*** Block opens ***

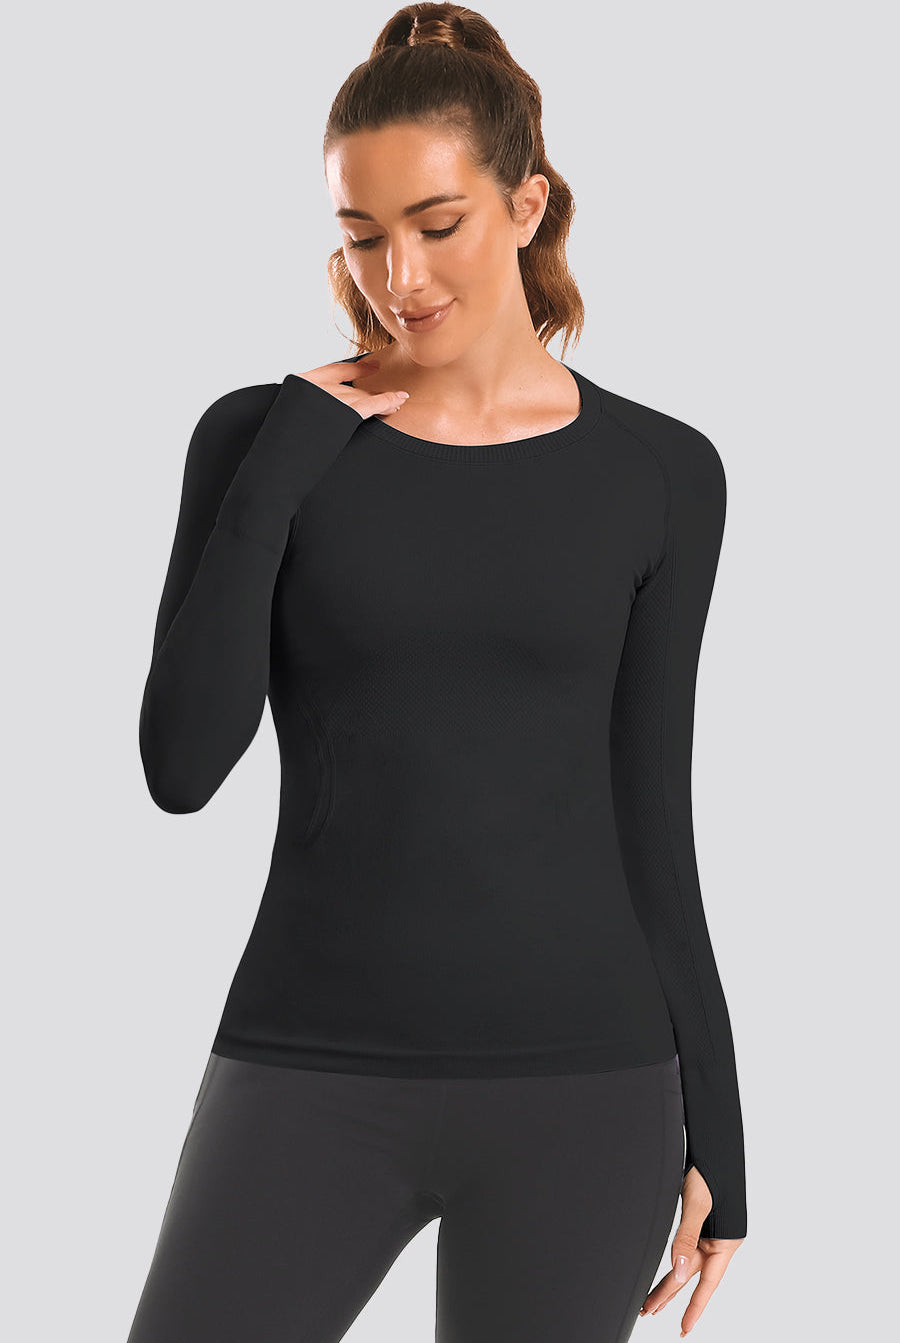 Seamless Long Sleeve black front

*** Block closes ***
*** Block opens ***

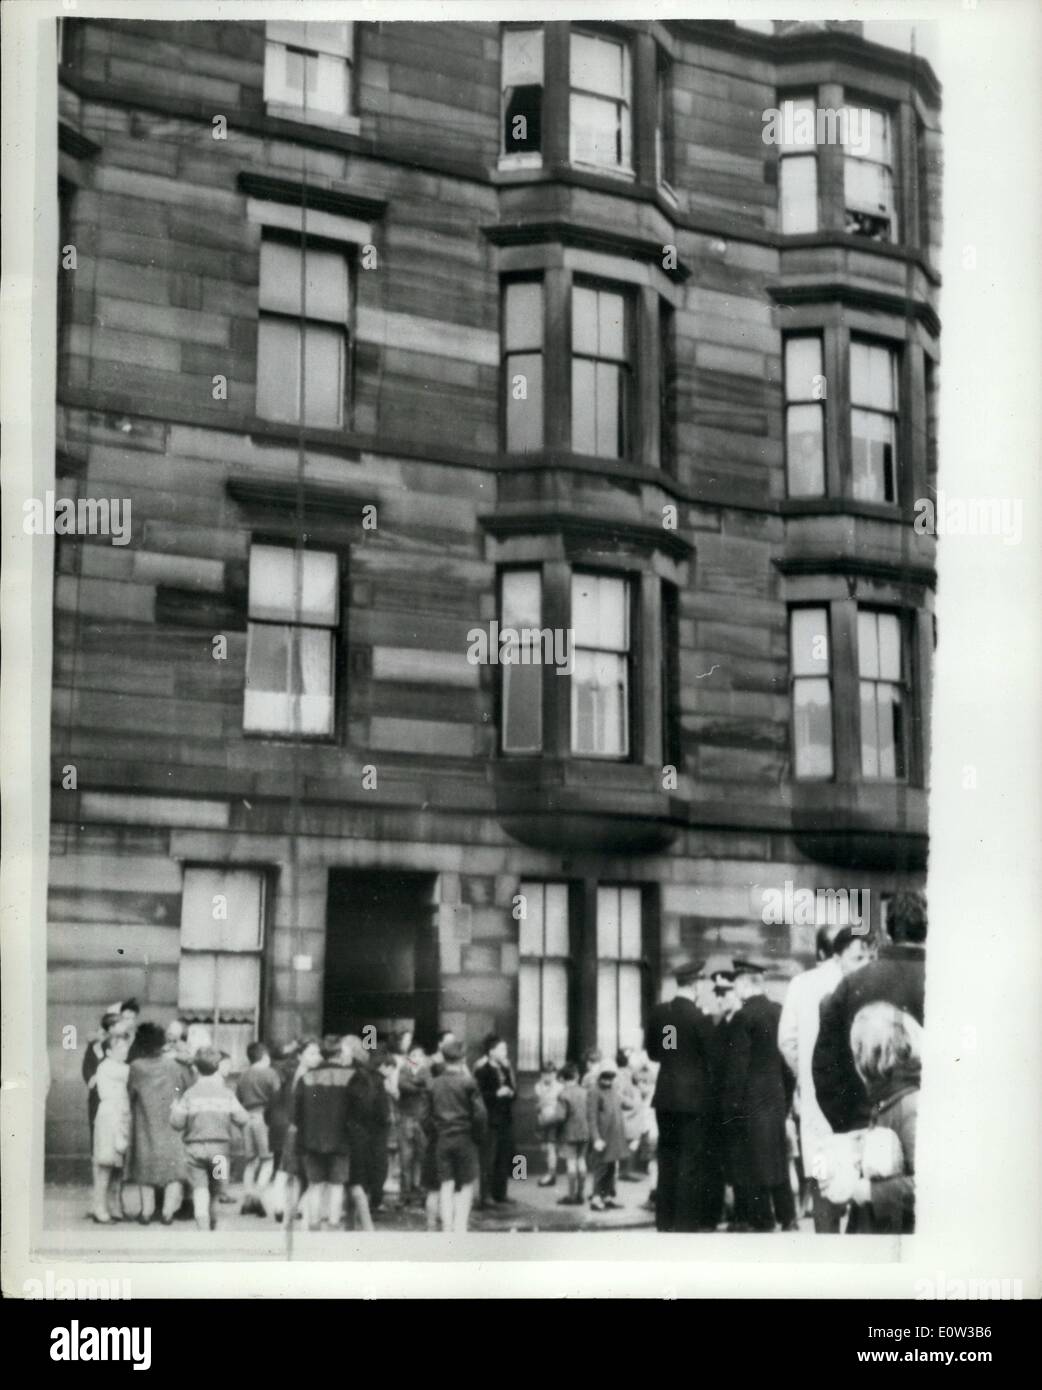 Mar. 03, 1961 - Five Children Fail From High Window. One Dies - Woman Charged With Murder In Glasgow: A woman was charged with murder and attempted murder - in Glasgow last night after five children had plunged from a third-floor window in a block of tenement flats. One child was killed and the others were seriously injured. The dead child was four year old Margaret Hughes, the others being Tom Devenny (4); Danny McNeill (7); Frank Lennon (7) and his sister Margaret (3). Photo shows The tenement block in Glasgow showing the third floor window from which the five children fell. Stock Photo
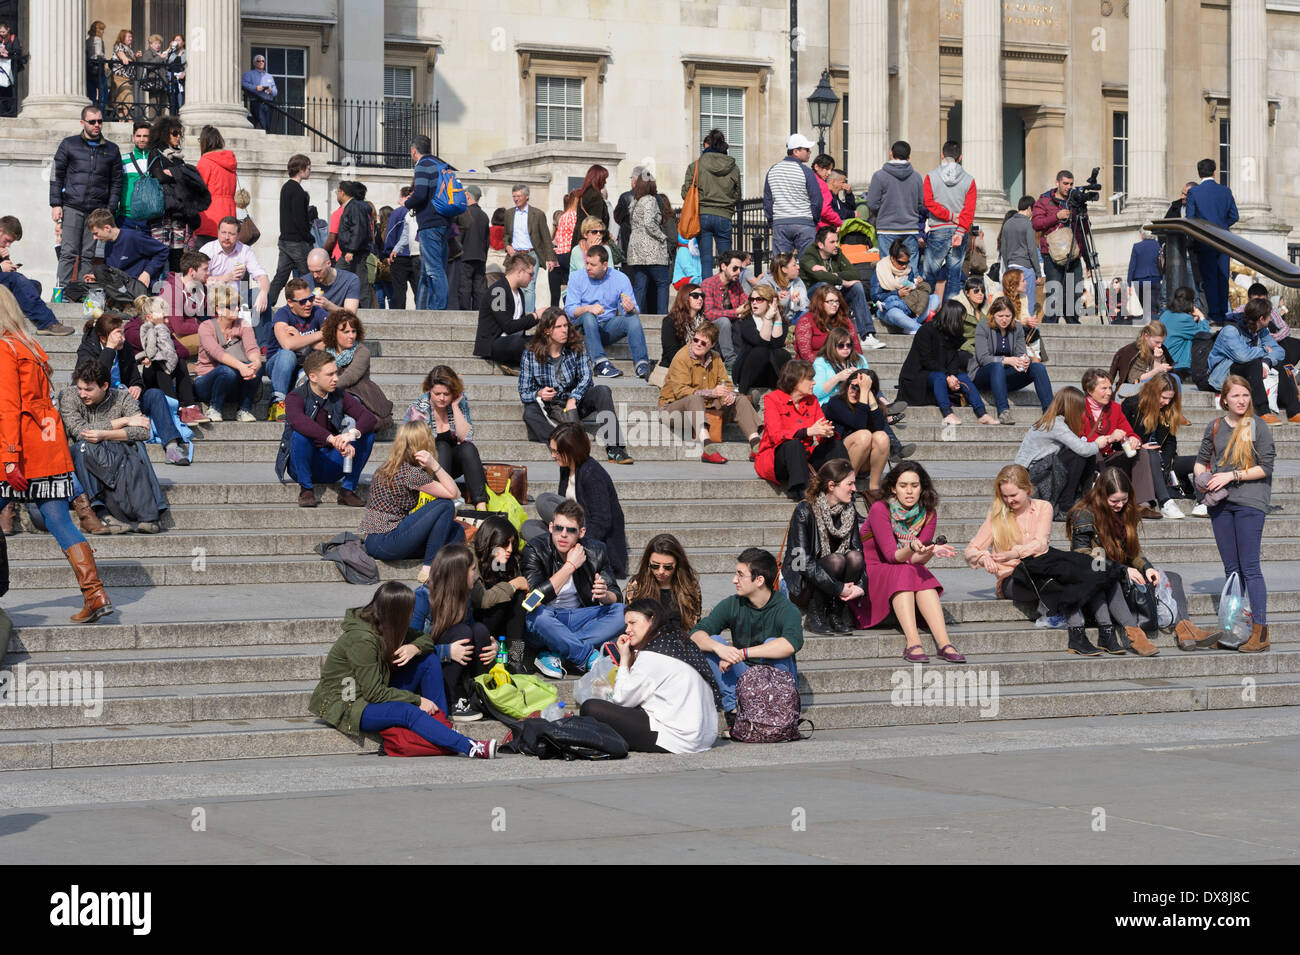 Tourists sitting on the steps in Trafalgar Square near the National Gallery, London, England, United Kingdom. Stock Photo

*** Block closes ***
*** Block opens ***

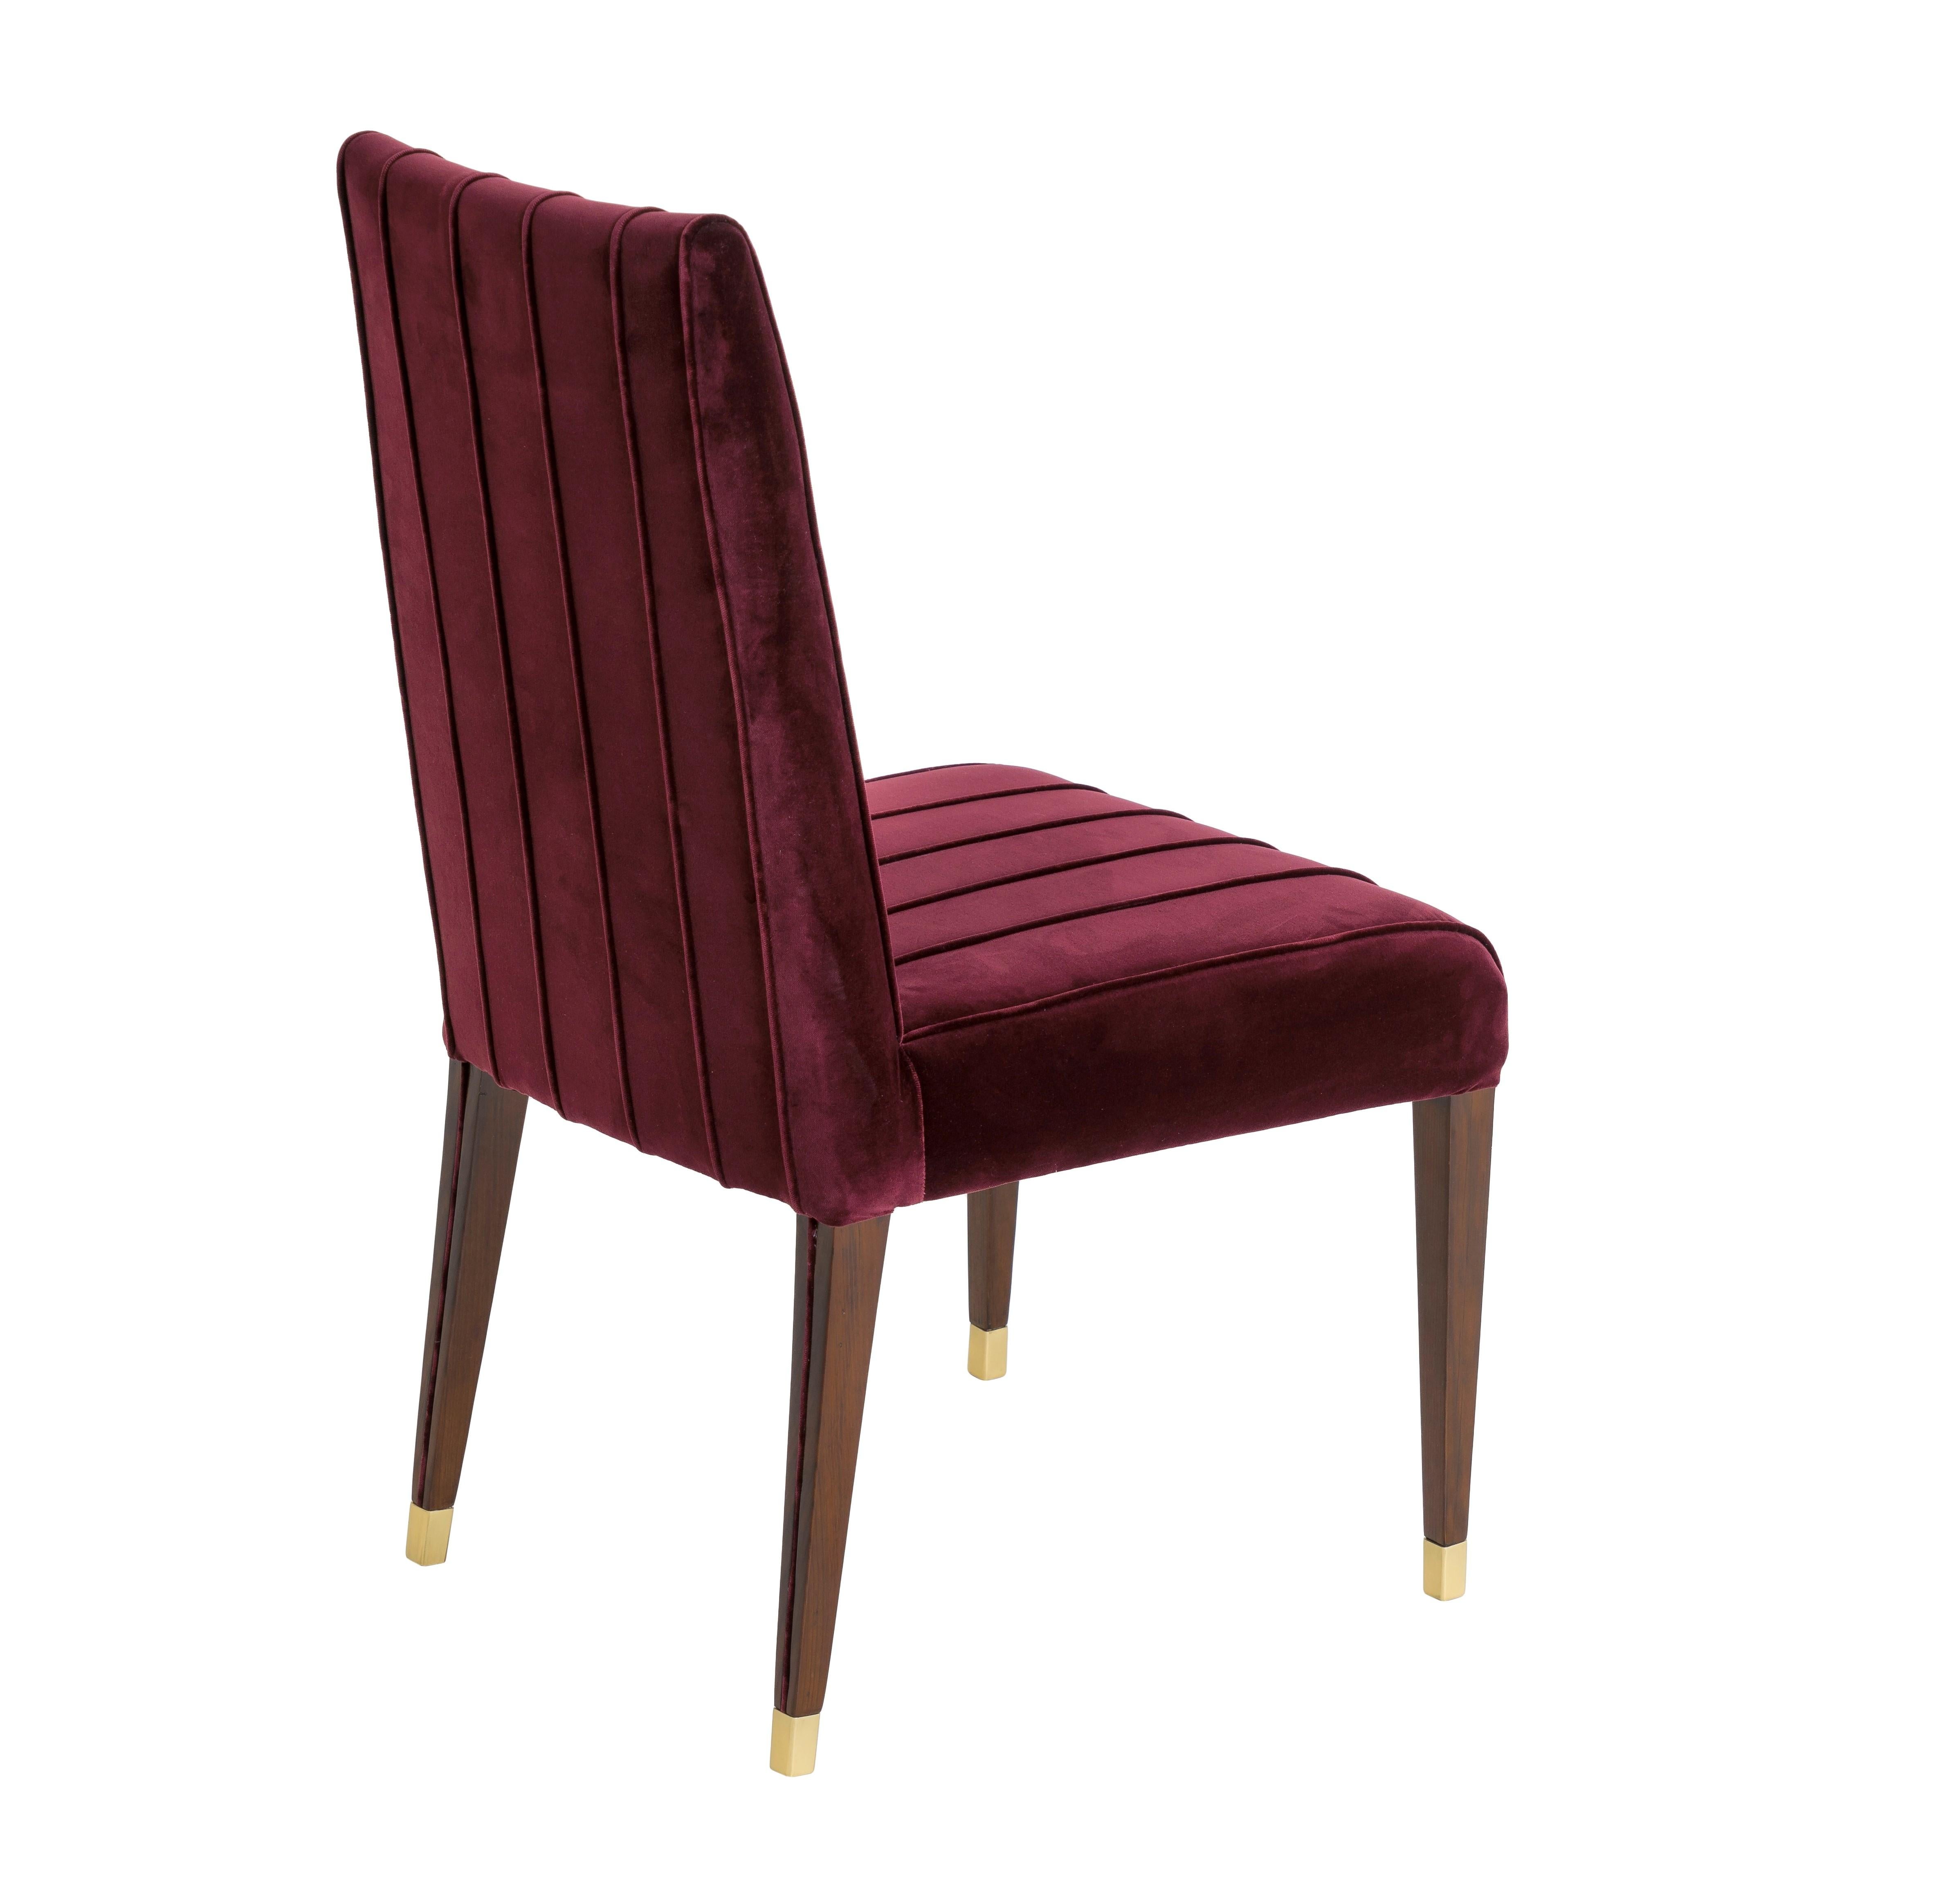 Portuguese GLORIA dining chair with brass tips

*** Block closes ***

Exercise description:
Please transcribe exactly the part of the records that opens with the line containing "Mar. 03, 1961" and closes with the line containing "Tourists sitting on", both ends included, and leave out the pictures.

Result for this task:
 Mar. 03, 1961 - Five Children Fail From High Window. One Dies - Woman Charged With Murder In Glasgow: A woman was charged with murder and attempted murder - in Glasgow last night after five children had plunged from a third-floor window in a block of tenement flats. One child was killed and the others were seriously injured. The dead child was four year old Margaret Hughes, the others being Tom Devenny (4); Danny McNeill (7); Frank Lennon (7) and his sister Margaret (3). Photo shows The tenement block in Glasgow showing the third floor window from which the five children fell. Stock Photo
 Tourists sitting on the steps in Trafalgar Square near the National Gallery, London, England, United Kingdom. Stock Photo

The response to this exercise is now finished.